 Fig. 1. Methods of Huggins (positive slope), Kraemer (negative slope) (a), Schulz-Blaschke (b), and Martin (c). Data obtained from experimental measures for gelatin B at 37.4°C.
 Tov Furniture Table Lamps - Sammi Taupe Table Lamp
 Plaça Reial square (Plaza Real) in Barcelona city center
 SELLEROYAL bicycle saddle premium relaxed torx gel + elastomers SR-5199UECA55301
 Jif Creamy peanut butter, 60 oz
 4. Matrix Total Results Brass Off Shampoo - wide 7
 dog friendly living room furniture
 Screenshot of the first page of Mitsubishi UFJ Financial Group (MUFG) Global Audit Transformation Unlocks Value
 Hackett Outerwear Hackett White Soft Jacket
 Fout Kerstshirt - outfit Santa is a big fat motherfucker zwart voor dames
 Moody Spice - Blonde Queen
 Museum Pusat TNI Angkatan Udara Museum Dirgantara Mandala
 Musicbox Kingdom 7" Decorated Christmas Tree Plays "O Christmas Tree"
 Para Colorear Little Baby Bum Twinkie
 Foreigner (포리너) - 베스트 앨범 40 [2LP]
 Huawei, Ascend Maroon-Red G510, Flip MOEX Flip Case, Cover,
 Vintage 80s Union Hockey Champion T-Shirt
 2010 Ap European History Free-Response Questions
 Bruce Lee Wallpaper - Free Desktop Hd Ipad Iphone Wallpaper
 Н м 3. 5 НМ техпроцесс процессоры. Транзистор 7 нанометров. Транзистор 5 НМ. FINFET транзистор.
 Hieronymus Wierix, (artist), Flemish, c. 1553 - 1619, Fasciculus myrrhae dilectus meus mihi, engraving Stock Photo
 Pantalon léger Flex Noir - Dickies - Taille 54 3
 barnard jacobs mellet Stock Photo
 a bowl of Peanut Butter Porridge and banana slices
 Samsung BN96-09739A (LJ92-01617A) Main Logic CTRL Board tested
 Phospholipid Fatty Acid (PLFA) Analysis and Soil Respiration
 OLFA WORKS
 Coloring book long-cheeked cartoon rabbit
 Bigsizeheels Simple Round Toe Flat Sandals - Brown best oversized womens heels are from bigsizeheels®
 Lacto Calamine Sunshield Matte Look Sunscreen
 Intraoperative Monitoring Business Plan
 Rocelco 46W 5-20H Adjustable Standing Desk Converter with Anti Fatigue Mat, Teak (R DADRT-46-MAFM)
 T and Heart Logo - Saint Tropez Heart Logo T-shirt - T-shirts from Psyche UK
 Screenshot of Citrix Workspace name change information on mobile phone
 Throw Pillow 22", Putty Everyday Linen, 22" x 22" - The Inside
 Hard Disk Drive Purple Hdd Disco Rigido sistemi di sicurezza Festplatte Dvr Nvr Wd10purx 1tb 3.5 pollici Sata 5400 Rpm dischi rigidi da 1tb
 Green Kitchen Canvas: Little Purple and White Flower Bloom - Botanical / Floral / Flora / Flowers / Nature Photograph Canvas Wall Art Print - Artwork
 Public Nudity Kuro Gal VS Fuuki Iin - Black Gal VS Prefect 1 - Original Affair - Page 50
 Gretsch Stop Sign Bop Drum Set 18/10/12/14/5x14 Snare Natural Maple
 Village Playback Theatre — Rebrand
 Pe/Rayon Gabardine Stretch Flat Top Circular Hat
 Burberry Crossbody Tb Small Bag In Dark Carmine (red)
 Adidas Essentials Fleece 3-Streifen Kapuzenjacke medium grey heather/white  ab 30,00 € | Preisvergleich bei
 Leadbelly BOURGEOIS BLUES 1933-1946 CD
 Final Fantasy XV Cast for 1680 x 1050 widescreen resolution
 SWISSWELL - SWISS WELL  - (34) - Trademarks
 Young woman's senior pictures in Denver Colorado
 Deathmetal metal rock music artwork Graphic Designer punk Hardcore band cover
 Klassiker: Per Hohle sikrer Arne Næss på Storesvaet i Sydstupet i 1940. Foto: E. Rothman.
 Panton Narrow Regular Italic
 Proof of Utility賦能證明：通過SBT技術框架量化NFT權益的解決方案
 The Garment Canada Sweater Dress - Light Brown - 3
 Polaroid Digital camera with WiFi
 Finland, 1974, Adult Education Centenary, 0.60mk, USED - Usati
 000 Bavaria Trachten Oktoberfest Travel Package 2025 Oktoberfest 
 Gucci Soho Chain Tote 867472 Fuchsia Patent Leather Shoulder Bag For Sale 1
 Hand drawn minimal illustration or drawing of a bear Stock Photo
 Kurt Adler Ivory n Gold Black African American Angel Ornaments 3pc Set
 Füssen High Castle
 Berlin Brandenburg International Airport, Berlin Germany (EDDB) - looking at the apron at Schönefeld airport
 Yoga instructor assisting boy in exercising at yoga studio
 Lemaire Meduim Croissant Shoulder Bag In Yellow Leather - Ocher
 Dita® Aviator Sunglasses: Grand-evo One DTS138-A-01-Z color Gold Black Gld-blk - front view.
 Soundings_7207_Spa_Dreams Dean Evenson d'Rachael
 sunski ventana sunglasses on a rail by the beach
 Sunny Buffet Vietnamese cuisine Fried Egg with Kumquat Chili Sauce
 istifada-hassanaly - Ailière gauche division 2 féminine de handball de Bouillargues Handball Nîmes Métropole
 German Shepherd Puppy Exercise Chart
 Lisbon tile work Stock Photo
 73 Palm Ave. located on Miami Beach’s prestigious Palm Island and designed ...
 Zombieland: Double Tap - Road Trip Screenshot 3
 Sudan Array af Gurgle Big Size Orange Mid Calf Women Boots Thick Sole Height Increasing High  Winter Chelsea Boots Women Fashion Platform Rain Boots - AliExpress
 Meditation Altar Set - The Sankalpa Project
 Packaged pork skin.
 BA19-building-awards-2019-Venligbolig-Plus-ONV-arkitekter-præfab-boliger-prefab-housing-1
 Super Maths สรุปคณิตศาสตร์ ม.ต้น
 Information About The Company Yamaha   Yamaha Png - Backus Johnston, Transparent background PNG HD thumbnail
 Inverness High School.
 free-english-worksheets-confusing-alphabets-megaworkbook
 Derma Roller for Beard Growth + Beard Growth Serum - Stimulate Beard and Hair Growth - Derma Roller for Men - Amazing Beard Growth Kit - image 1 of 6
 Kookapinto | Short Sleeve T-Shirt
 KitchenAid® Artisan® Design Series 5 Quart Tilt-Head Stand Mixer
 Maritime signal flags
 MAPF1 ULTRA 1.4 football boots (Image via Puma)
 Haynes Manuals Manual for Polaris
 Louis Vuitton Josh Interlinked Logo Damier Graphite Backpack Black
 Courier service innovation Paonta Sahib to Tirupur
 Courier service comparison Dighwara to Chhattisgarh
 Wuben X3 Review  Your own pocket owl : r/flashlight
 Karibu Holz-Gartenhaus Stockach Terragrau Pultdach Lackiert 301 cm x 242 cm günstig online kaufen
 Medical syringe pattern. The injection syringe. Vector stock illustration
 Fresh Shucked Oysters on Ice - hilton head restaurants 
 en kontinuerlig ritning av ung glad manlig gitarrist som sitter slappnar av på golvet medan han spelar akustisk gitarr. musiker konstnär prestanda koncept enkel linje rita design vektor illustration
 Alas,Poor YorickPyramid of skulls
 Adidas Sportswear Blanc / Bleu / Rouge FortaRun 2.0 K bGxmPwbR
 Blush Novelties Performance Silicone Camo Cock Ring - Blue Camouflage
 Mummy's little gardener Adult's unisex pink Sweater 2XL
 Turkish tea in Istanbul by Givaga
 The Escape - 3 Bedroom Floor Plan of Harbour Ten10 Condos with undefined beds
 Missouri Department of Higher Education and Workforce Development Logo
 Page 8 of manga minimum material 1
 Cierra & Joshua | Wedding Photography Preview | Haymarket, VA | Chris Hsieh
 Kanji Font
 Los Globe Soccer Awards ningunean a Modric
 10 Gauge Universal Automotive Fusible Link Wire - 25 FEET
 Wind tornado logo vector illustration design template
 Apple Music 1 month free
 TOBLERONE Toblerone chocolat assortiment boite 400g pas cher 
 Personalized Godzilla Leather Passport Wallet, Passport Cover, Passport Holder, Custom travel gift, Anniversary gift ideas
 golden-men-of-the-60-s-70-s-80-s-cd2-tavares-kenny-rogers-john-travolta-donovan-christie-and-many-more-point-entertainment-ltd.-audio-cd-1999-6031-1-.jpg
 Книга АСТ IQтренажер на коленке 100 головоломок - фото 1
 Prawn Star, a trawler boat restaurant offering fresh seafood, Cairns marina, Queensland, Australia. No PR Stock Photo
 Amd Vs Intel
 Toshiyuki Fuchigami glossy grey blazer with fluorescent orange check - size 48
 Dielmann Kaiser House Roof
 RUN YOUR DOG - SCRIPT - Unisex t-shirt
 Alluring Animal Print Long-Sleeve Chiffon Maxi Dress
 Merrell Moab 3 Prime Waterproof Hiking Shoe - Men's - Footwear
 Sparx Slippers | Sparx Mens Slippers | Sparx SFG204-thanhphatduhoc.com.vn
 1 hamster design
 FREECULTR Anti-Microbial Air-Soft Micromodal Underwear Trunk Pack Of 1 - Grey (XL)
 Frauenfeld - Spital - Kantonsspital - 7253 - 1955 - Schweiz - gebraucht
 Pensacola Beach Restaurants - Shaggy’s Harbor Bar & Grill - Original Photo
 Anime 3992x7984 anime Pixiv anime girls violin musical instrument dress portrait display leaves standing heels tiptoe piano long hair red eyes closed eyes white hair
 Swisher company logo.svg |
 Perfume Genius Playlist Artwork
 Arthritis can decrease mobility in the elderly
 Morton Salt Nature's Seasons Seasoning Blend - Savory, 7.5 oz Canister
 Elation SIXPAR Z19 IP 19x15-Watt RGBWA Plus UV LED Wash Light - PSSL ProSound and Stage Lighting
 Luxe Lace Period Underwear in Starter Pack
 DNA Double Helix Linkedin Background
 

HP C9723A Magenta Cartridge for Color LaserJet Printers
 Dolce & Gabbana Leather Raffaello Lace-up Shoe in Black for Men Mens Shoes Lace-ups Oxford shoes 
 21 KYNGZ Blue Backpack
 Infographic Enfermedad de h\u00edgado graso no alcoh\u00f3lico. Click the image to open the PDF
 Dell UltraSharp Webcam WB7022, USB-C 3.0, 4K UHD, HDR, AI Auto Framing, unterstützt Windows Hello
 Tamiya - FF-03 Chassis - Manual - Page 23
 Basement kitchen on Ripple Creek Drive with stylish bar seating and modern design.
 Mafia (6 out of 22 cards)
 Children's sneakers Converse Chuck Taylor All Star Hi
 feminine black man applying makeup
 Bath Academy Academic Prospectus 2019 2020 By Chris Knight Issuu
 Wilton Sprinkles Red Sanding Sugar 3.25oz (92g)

◇ ◇ ◇ ◇ ◇

### What you will do
Using the records above, copy every line that has the word "Screenshot" in it.

### Output for this task
 Screenshot of the first page of Mitsubishi UFJ Financial Group (MUFG) Global Audit Transformation Unlocks Value
 Screenshot of Citrix Workspace name change information on mobile phone
 Zombieland: Double Tap - Road Trip Screenshot 3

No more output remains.